采用粒子图像测速技术 (PIV)，对直径为0.19 m的三层组合桨 (HEDT+2WH) 搅拌槽 (直径为0.48 m) 内的流场进行了实验研究，并利用标准 k-ε 模型对相应的流动特性进行了数值模拟。实验结果表明：通过改变层间距、顶层桨的浸没深度及上两层桨的操作方式可以得到4种不同流型，每种流型内循环结构的数目各不相同；上两层桨下压式操作时，流场的循环结构最少，只有两个；高速区和高能量区的分布相同，都位于各个桨叶的射流区内，且底桨射流区内的速度值和湍流动能值都大于上两层桨。模拟结果表明：标准 k-ε 模型对流场的预测较为准确，但对于有5个循环结构的流型模拟误差较大；湍流动能分布型式的模拟值与PIV实验结果吻合较好，但数值偏低，表明标准 k-ε 模型在预测复杂流型时需要改进；功率准数的模拟值与实验值基本一致。

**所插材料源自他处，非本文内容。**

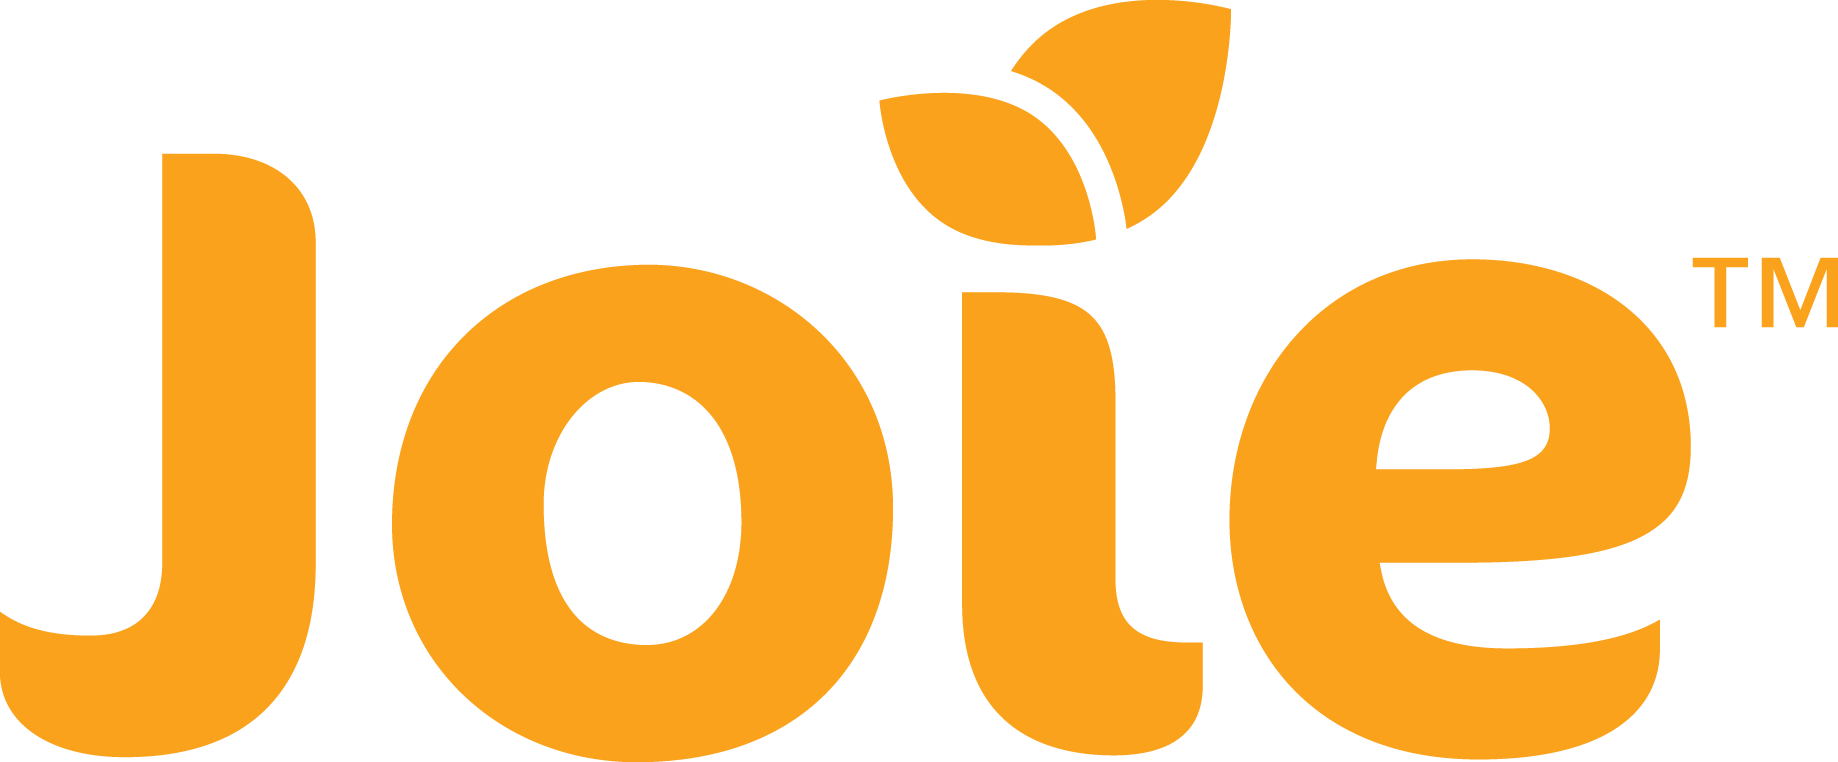 Joie Logo - Joie | Explore Joie

Experimental study and numerical simulation of fluid flow in a liquid multiple impeller stirred tank

The flow characteristics in a stirred tank of diameter 0.48 m agitated by a triple impeller (HEDT + 2WH) of diameter 0.19 m have been experimentally investigated by particle image velocimetry (PIV) and numerically simulated by computational fluid dynamics (CFD) using the standard k-ε model. The PIV results showed that four flow patterns were obtained by changing the impeller spacing and the operation mode of the top two impellers. The number of circulation loops was different for each flow pattern. Only two circulation loops were found in the flow field of HEDT+2WH_D. A High velocity region and high turbulent kinetic energy region existed in the jet flow of each impeller. The velocity and turbulent kinetic energy in the jet flow of the bottom impeller were larger than those of the top two impellers. The CFD results showed that the flow field predicted by the standard k-ε model is in agreement with PIV data except for the flow pattern with five circulation loops. Although the distribution pattern of turbulent kinetic energy estimated by CFD is consistent with the PIV results, the value is underestimated. The power number predicted by the standard k-ε model is in agreement with the experimental data.